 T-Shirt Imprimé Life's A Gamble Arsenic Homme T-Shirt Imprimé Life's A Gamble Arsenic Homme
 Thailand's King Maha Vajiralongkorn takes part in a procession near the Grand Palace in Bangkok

---

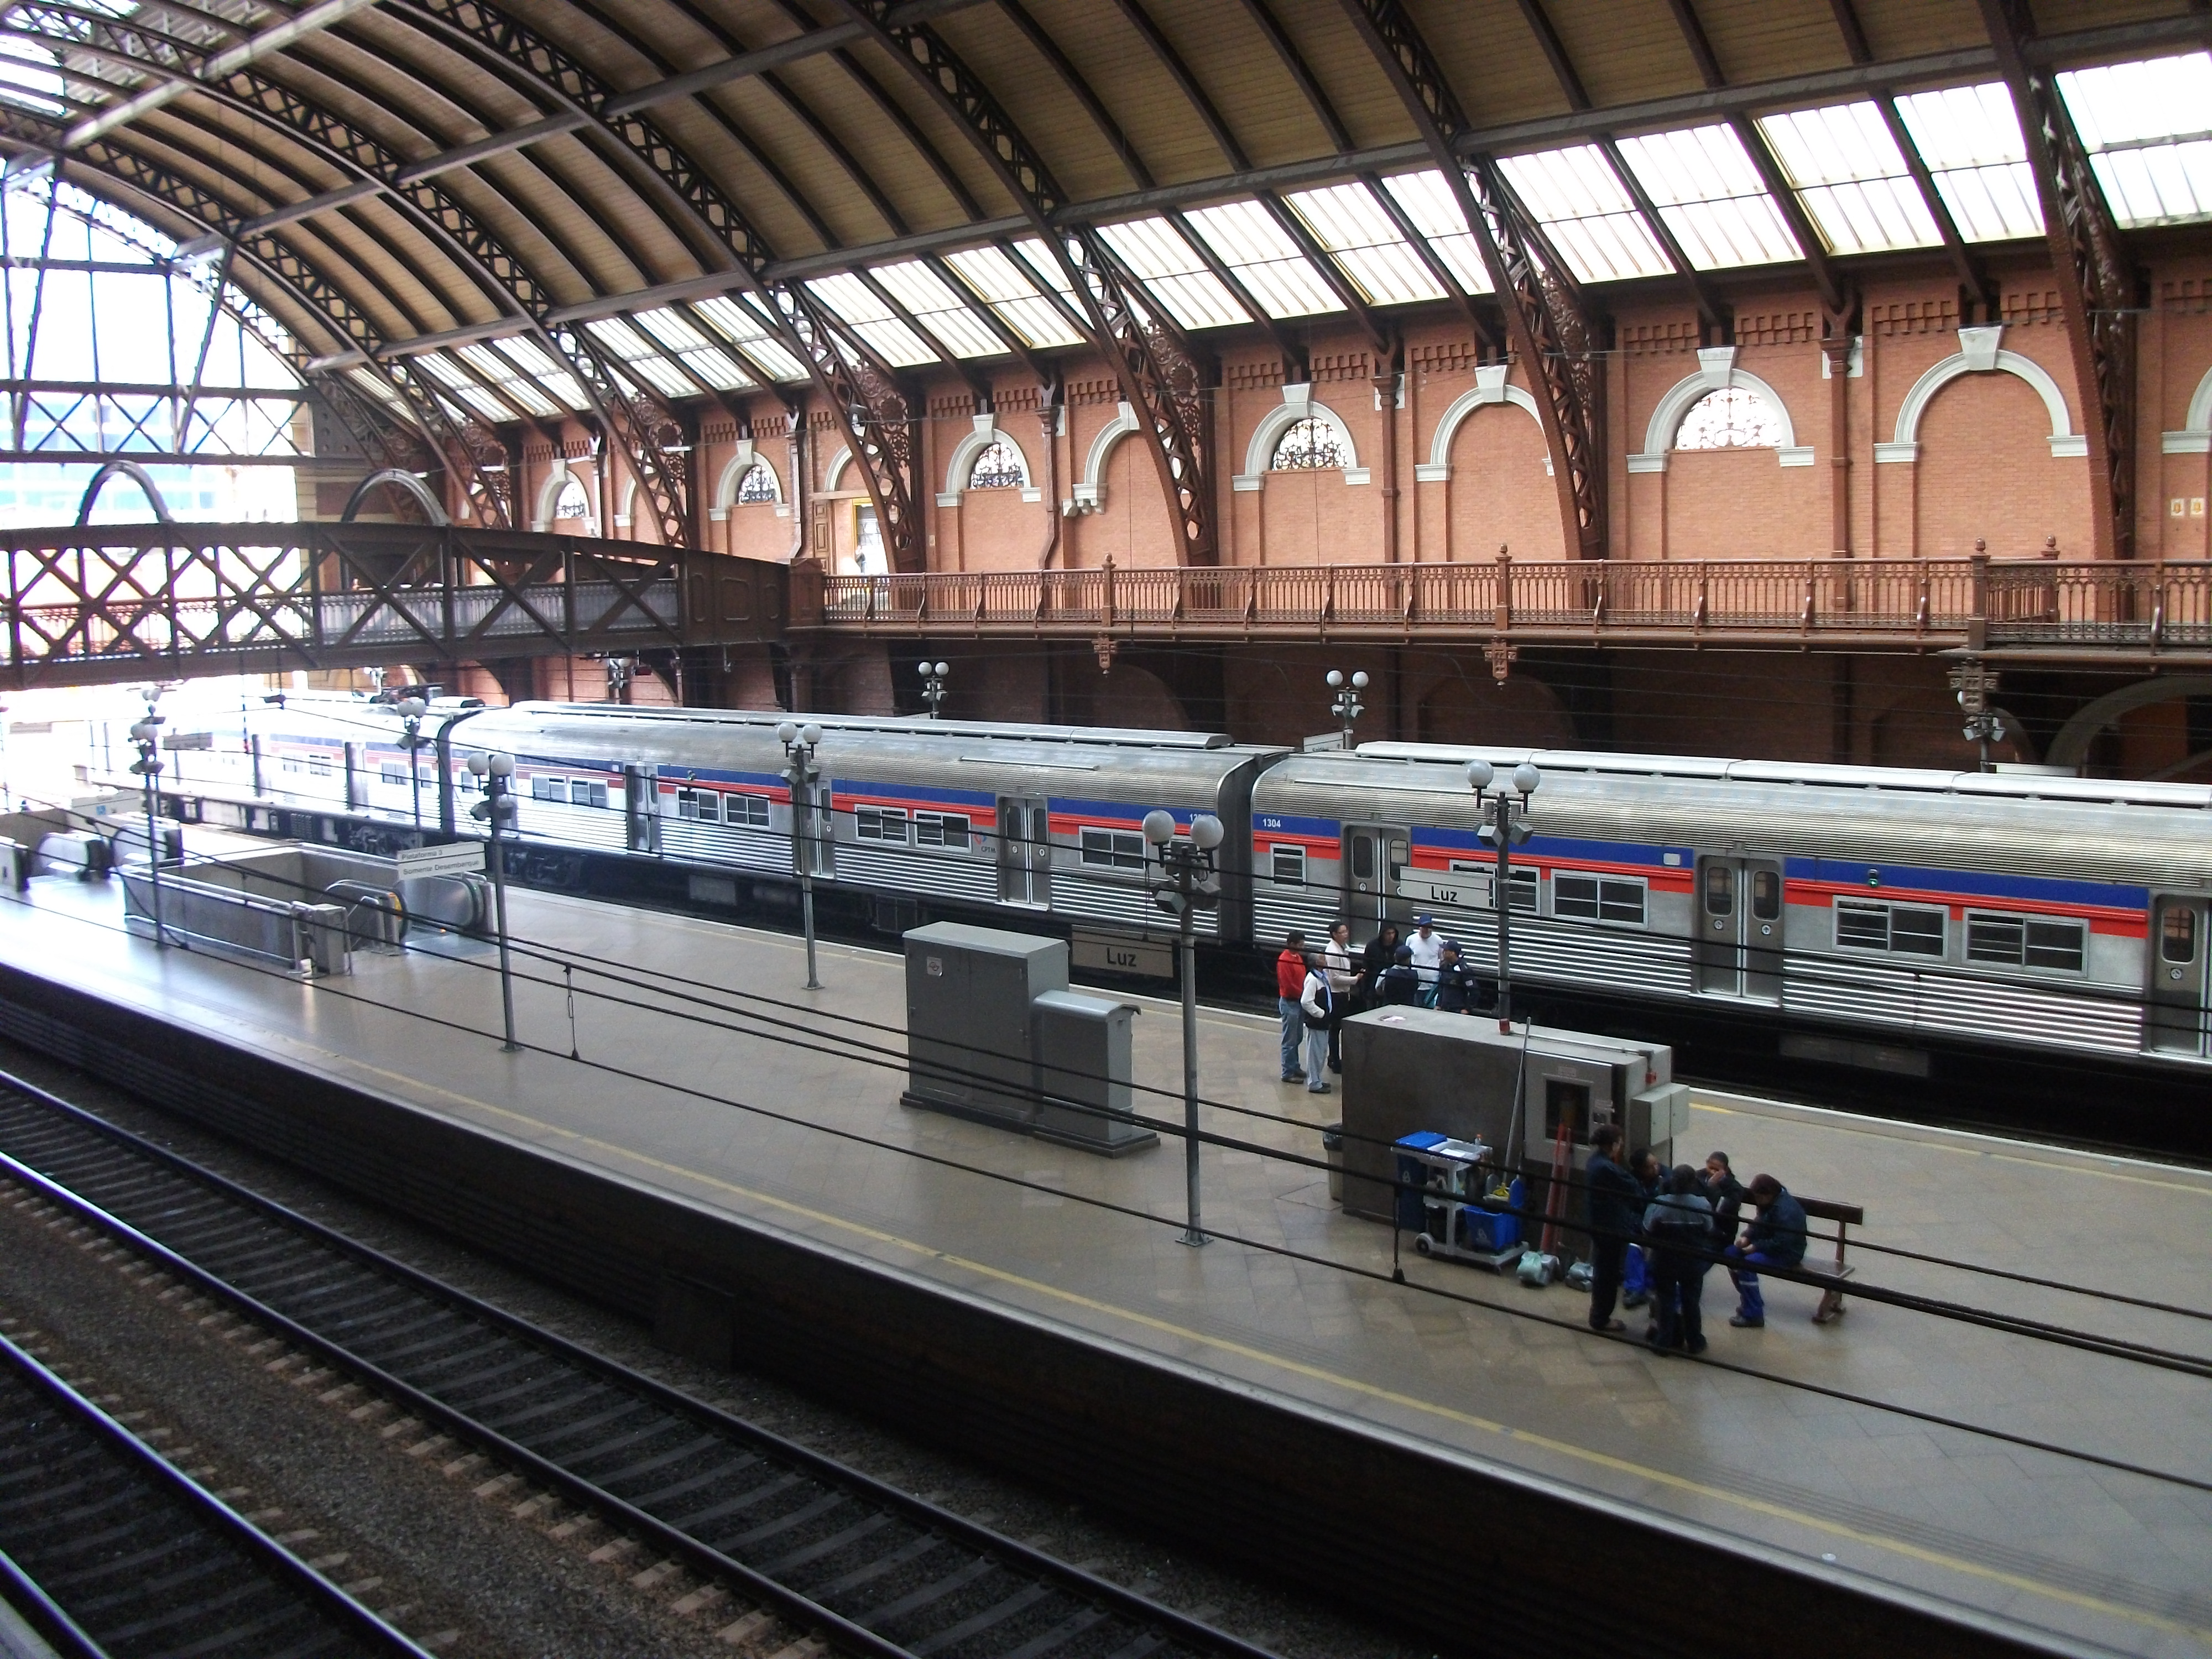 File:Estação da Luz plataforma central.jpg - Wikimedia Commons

=== Exercise prompt ===
In the listing above, find the line containing "T-Shirt Imprimé Life's A Gamble Arsenic Homme T-Shirt" and the line containing "Thailand's King Maha", then quote both, plus every line between them, exactly as written.

=== Written solution ===
 T-Shirt Imprimé Life's A Gamble Arsenic Homme T-Shirt Imprimé Life's A Gamble Arsenic Homme
 Thailand's King Maha Vajiralongkorn takes part in a procession near the Grand Palace in Bangkok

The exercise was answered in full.